* [Problem description] Exactly retype the lines below from the one containing "Men’s Hockey Team" through the end of the listing. Leave pictures out.

* [Available data]

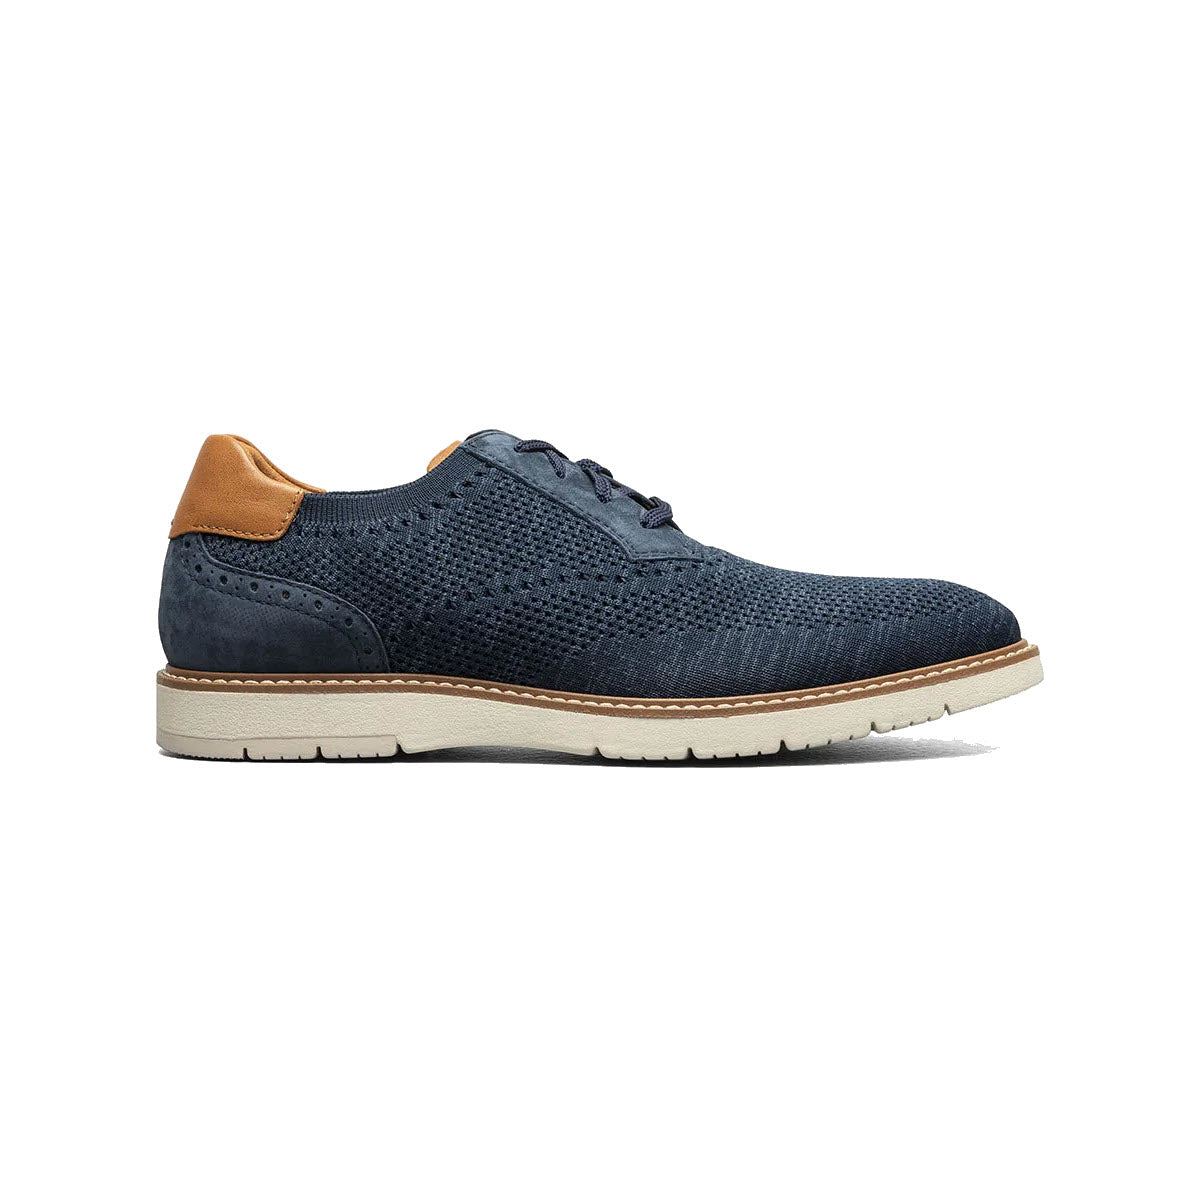 A single navy blue Florsheim Vibe Knit Plain Toe Oxford men&#39;s dress shoe with brogue detailing and a contrasting tan leather heel, set against a white background.
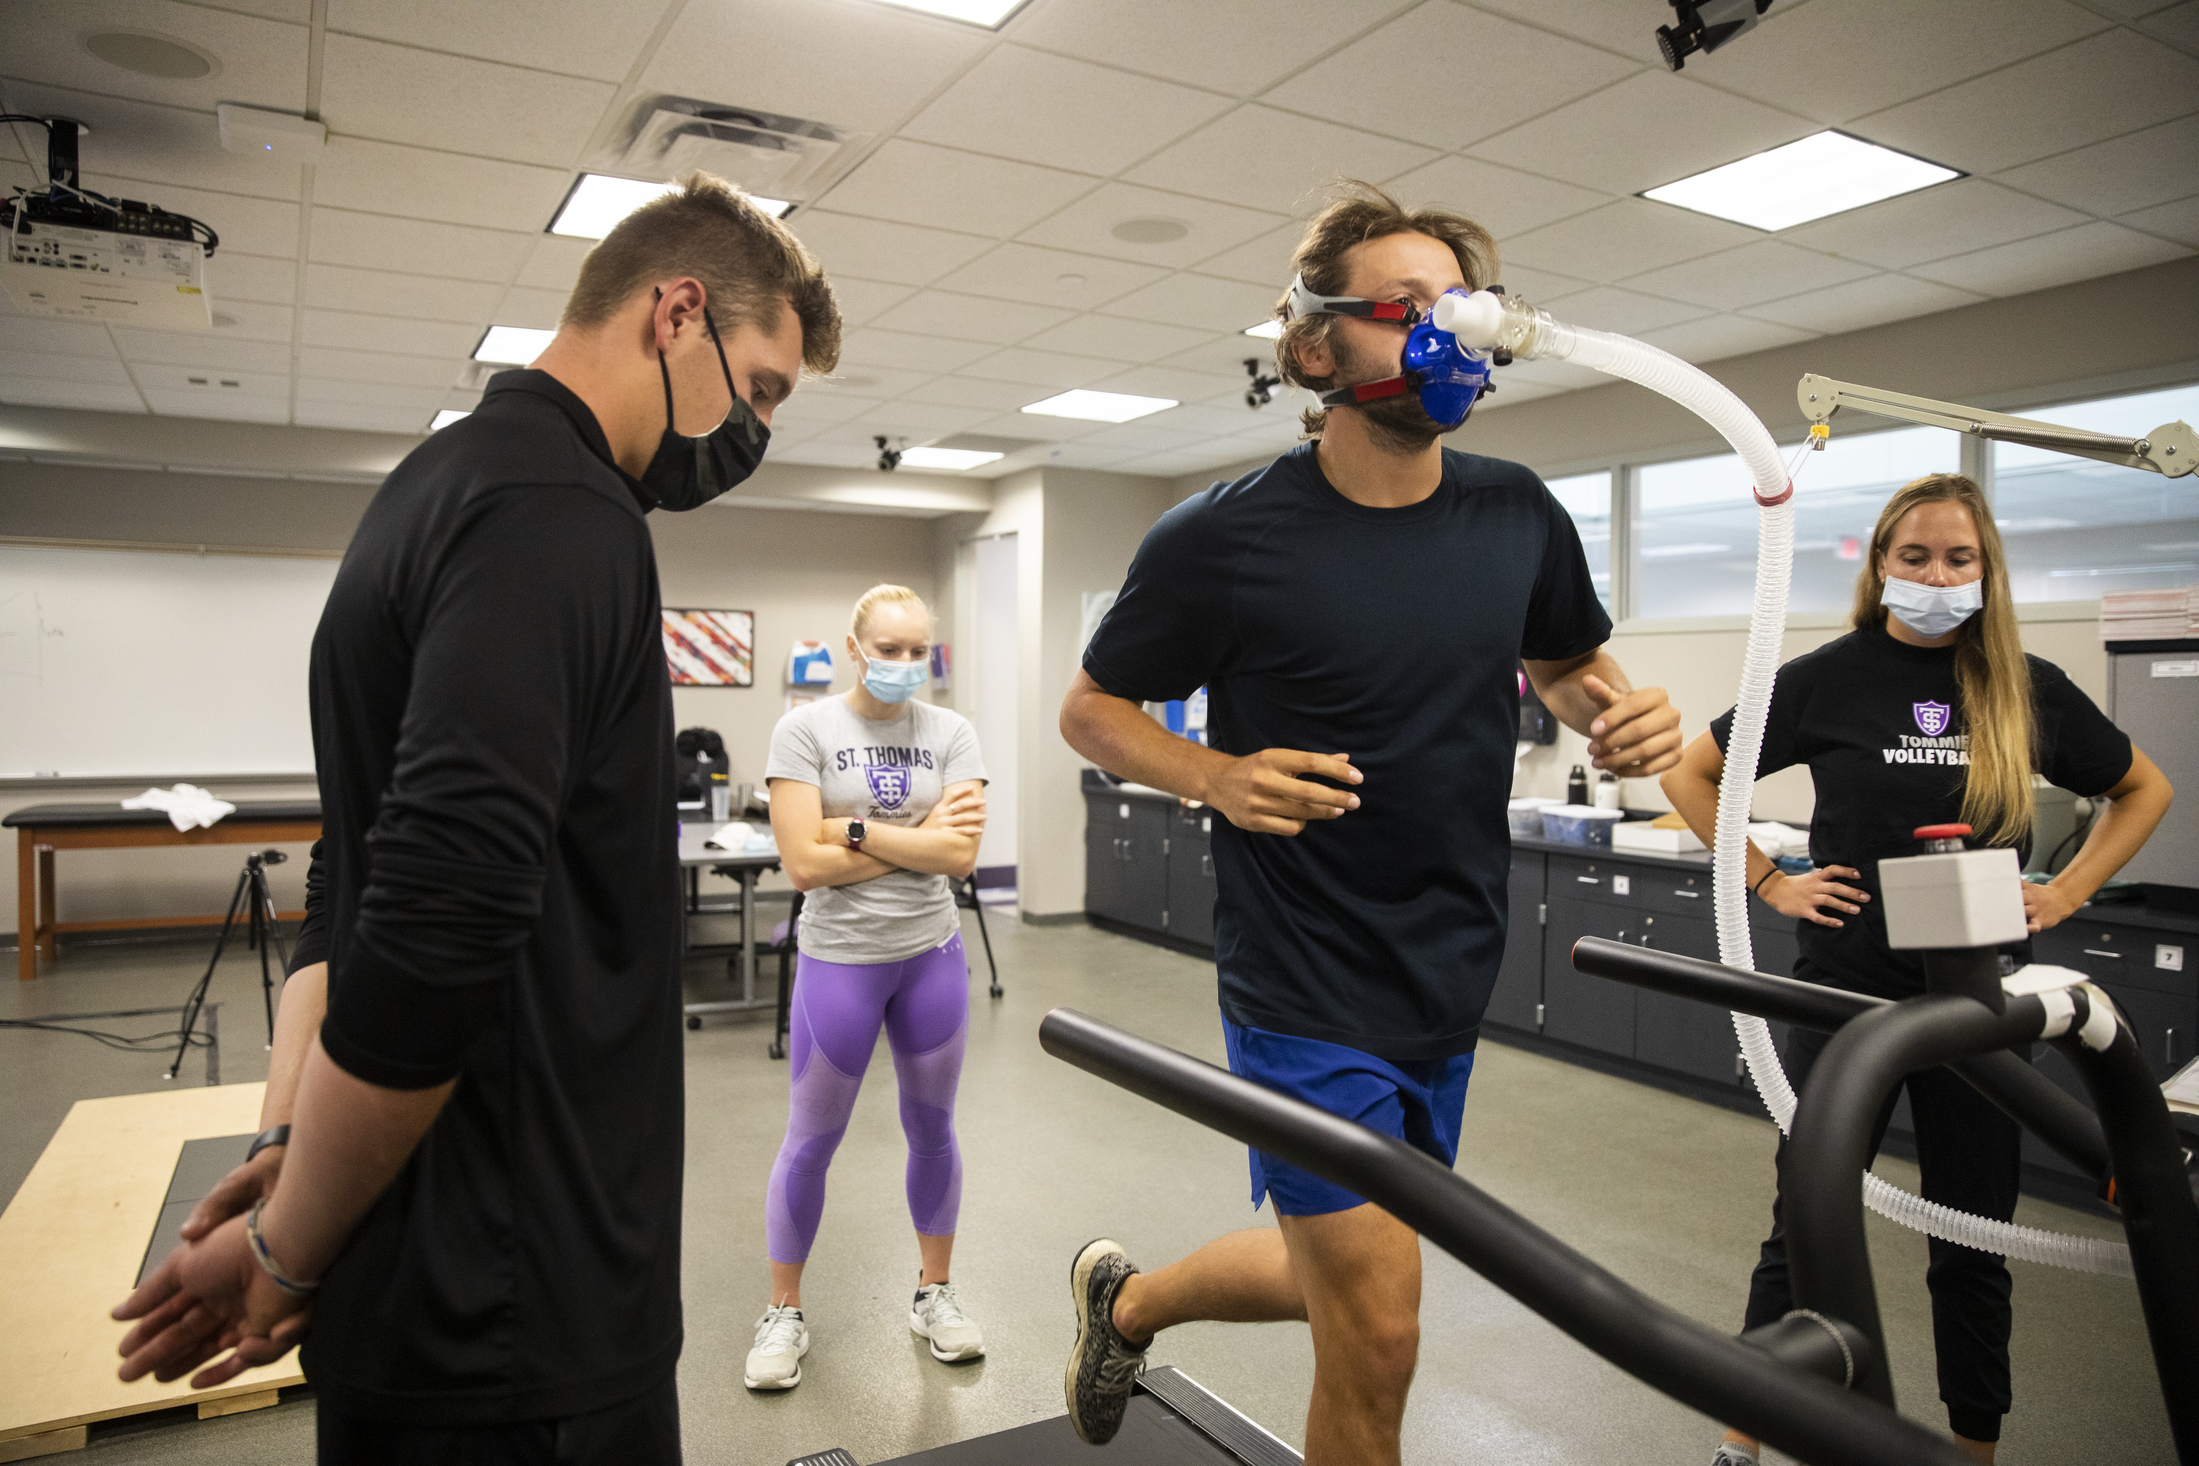 Men’s Hockey Team member Kimball Johnson participates in VO2 max testing, exercising for Health and Exercise Science students in the Anderson Athletic Recreation and Complex on August 31, 2021.
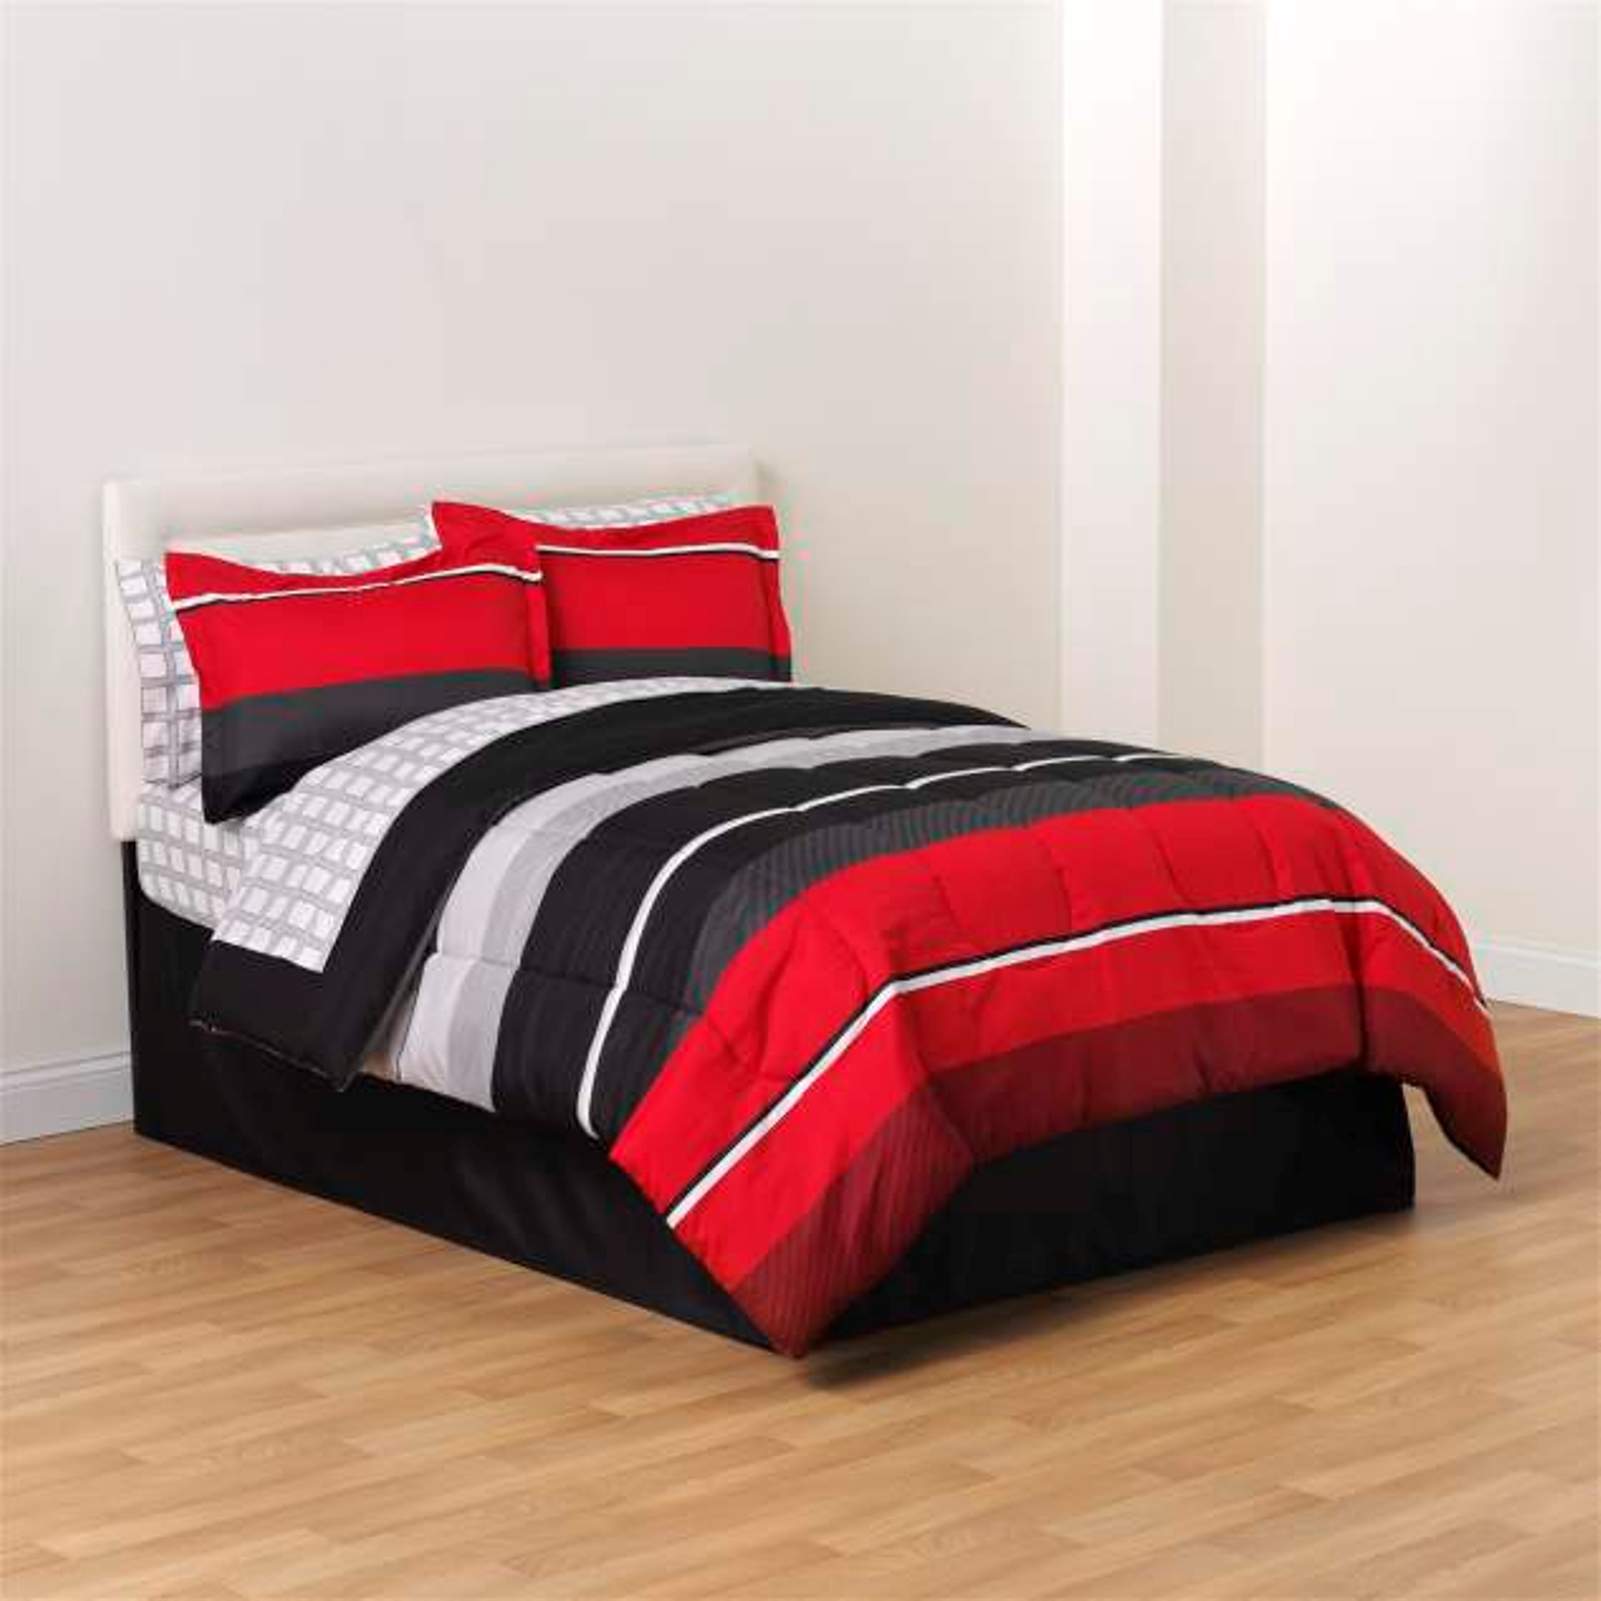 black and red full.size comforter

* [Exercise output]
 Men’s Hockey Team member Kimball Johnson participates in VO2 max testing, exercising for Health and Exercise Science students in the Anderson Athletic Recreation and Complex on August 31, 2021.
 black and red full.size comforter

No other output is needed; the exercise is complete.